Summer School: What We Learned

School is back in session, with Professor W. Keith Roerdink dispensing the lessons after Saturday's 17-0 win over the Cleveland Browns.

Welcome to the summer edition of's "Sunday School." Each week, we'll take a look back on the Packers' most recent matchup and give you five key lessons. Our preseason-opening edition gets inside Green Bay's impressive 17-0 shut out of the Cleveland Browns, which featured big plays and performances on both sides of the ball.


1. There's no shortage of firepower on offense

Those fantasy football magazines ranking Aaron Rodgers as the second-best quarterback available might be on to something. Coming off a 4,000-plus-yard, 28-touchdown, 13-interception season in his first-year starting, Rodgers looks ready to pick up where he left off. He looked poised and confident en route to a 14-0 lead, and that first score — when he stepped up in the pocket and threw a picture-perfect spiral to Donald Driver for a 53-yard touchdown — was a thing of beauty.

Aside from the ageless Driver, receiver James Jones is back to his 2007 rookie form and has locked down the No. 3 spot. But the biggest boost to an already-potent offense could be tight end Jeremichael Finley. An athletic but immature rookie a year ago, he was an integral part of the first two scoring drives. While he showed off his route-running and pass-catching prowess, it was his blocking — including a crushing hit on Browns defensive end C.J. Mosely — that was the biggest surprise. If Finley has truly rounded out this part of his game, he could find himself in the starting lineup.

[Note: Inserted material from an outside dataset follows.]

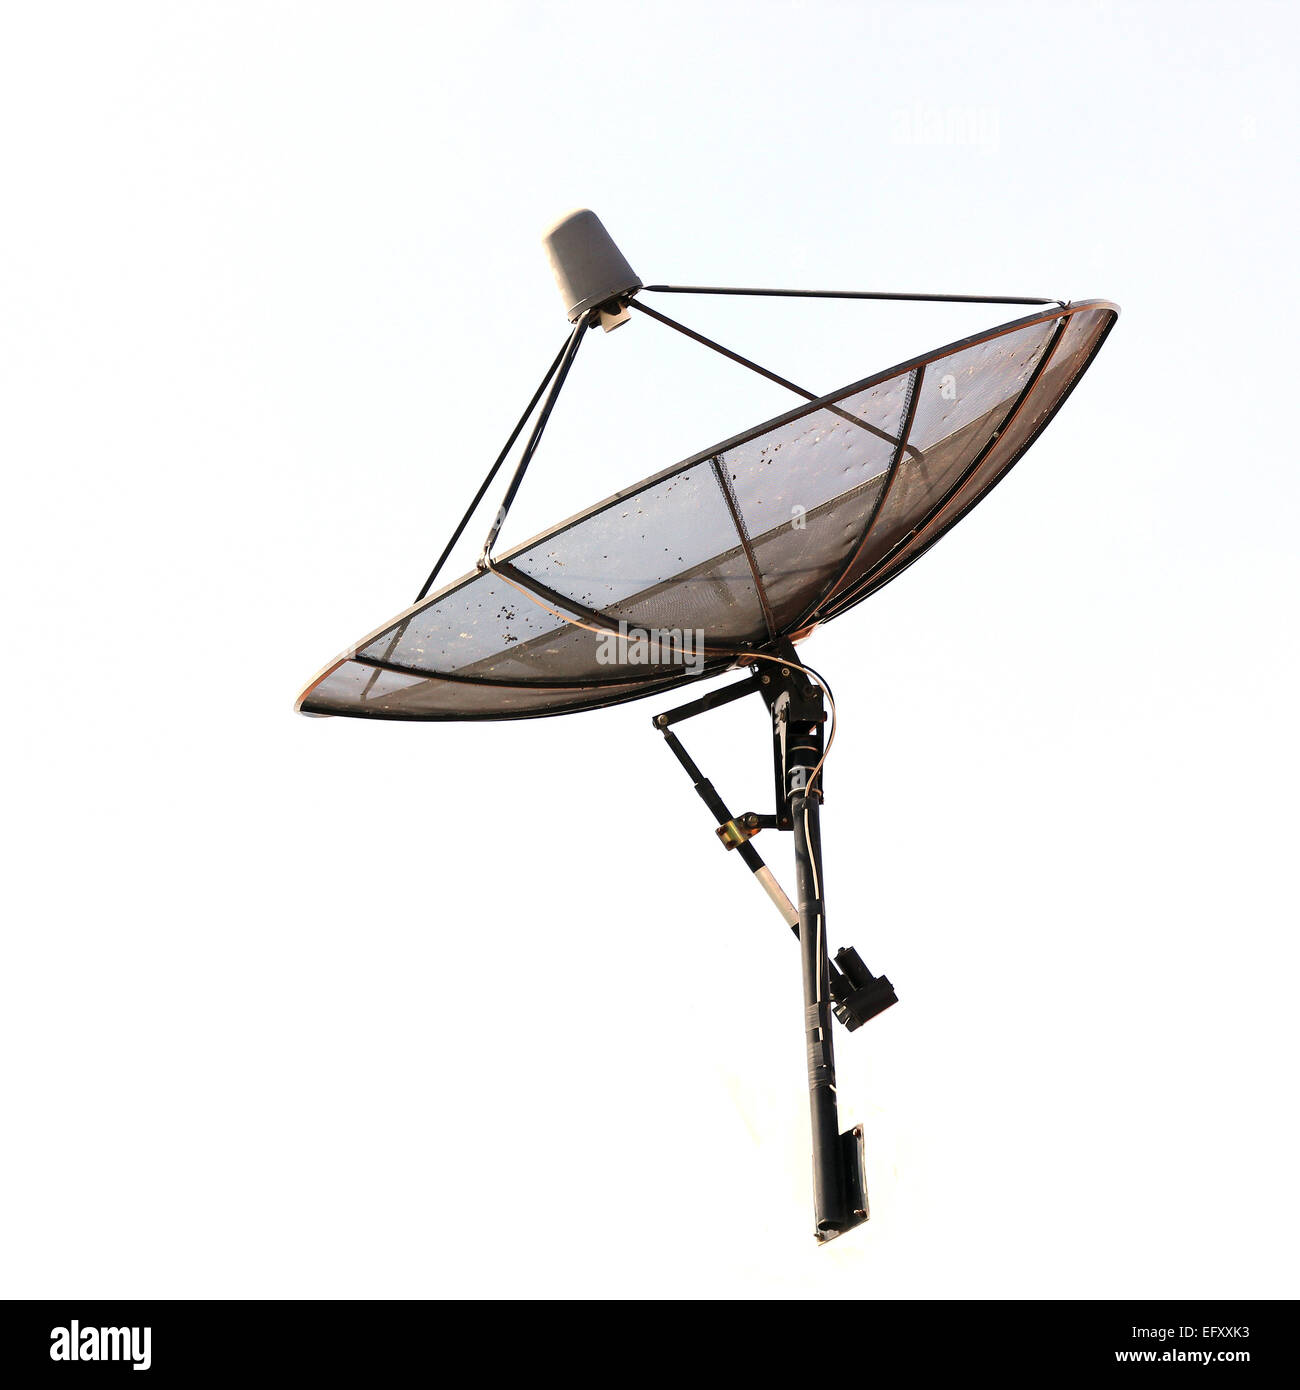 Satellite dish isolated on white background Stock Photo
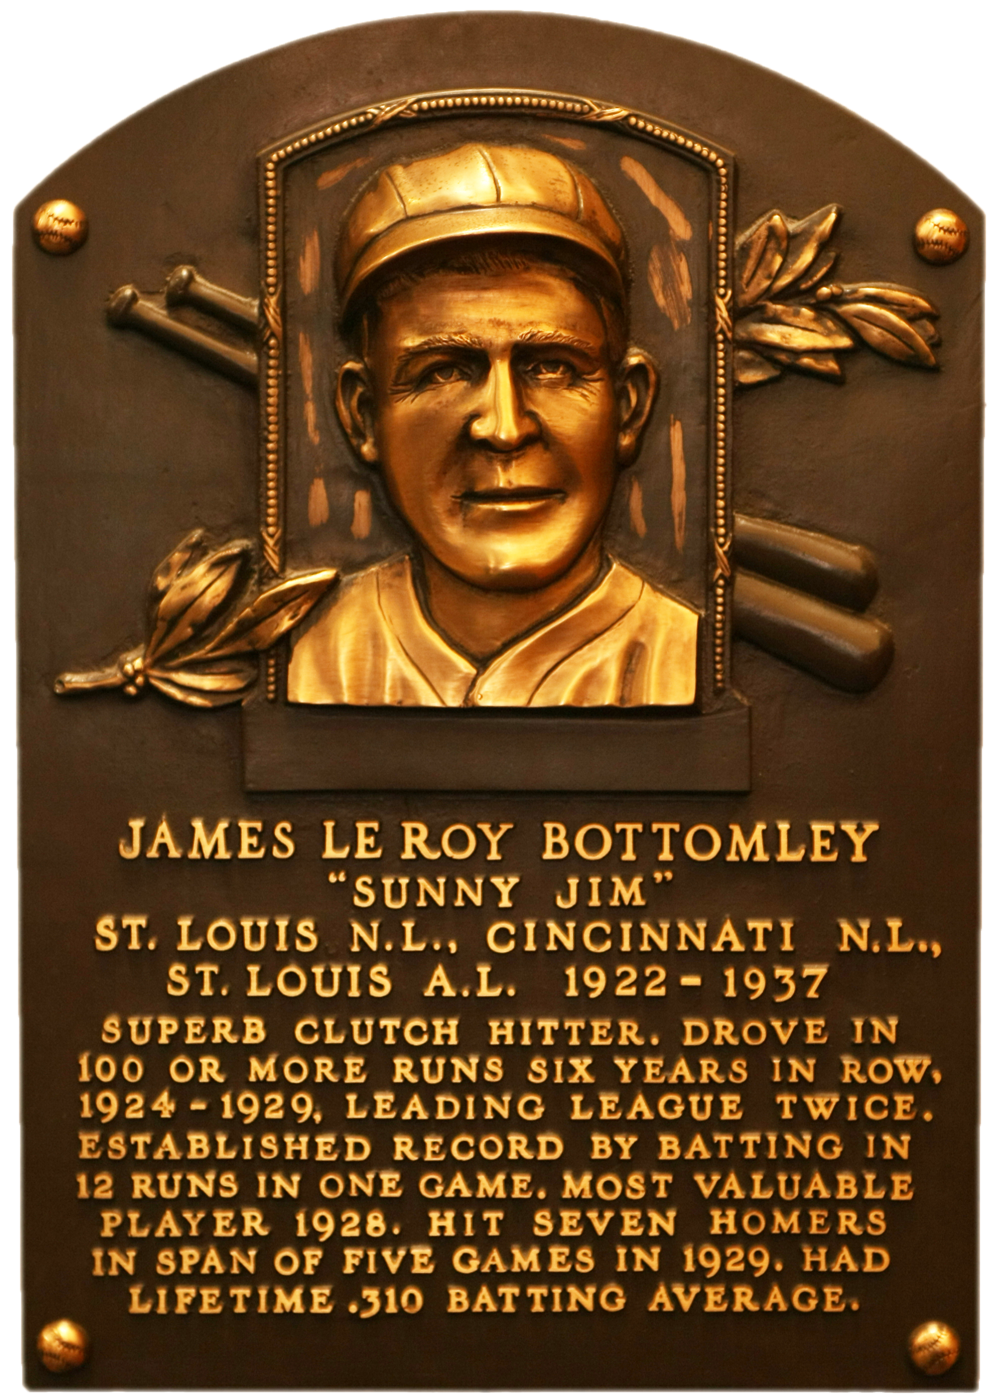 Jim Bottomley Hall of Fame plaque

As good as Rodgers and his receivers looked, the running game did its share of damage, too. Green Bay rolled up 230 rushing yards behind Ryan Grant, Brandon JacksonDeShawn Wynn, Kregg Lumpkin and Tyrell Sutton. All but Wynn had a run of at least 14 yards. The fact that it was done behind an offensive line still in "musical-chairs" mode made it all the better.


2. Dom Capers was the best offseason pick-up

This wasn't even the full unveiling of the 3-4 defense. It was a vanilla version of what promises to be a chocolate thunder almond crunch of a scheme with exotic blitz packages that bring pressure from everywhere but the stands. The taste, however, was definitely sweet.

Playing without starting cornerbacks Al Harris and Charles Woodson, starting linebacker Nick Barnett and probable opening-day starters B.J. Raji and Clay Matthews, Green Bay held the Browns to 191 yards while collecting three sacks, four picks and holding Cleveland's quarterback-challenged offense to a 31.7 passer rating. Aaron Kampman looked comfortable rushing out of a two-point stance, Johnny Jolly was creating havoc during an 11-play stint at defensive end and Desmond Bishop had some outstanding plays at inside linebacker. One game does not a season make, but it looks like Capers has molded the personnel and got the kind of "buy-in" that will have this defense ready to make an immediate impact.

3. Desmond Bishop will be stealing snaps from someone in September

Desmond Bishop was a menace against Cleveland.
Jonathan Daniel/Getty Images
You don't want to go overboard after the first preseason game. Especially, when it's against a not-ready-for-prime-time Cleveland Browns team. But that said, Bishop is going to force his way onto the field if he keeps playing like this. 

By "this," I mean the same way he played last year at Minnesota when he made more big plays in a half than most of the Packers' linebackers made in a season. Sure, he also got juked out of his jock by Chester Taylor on a swing pass, but Bishop won't find himself in pass coverage situations as much this year in the 3-4. And as we saw against the Browns, when Bishop notched a sack, interception and had a quarterback hit that led to an interception by Tramon Williams, he has a knack for the big play that others simply don't possess.  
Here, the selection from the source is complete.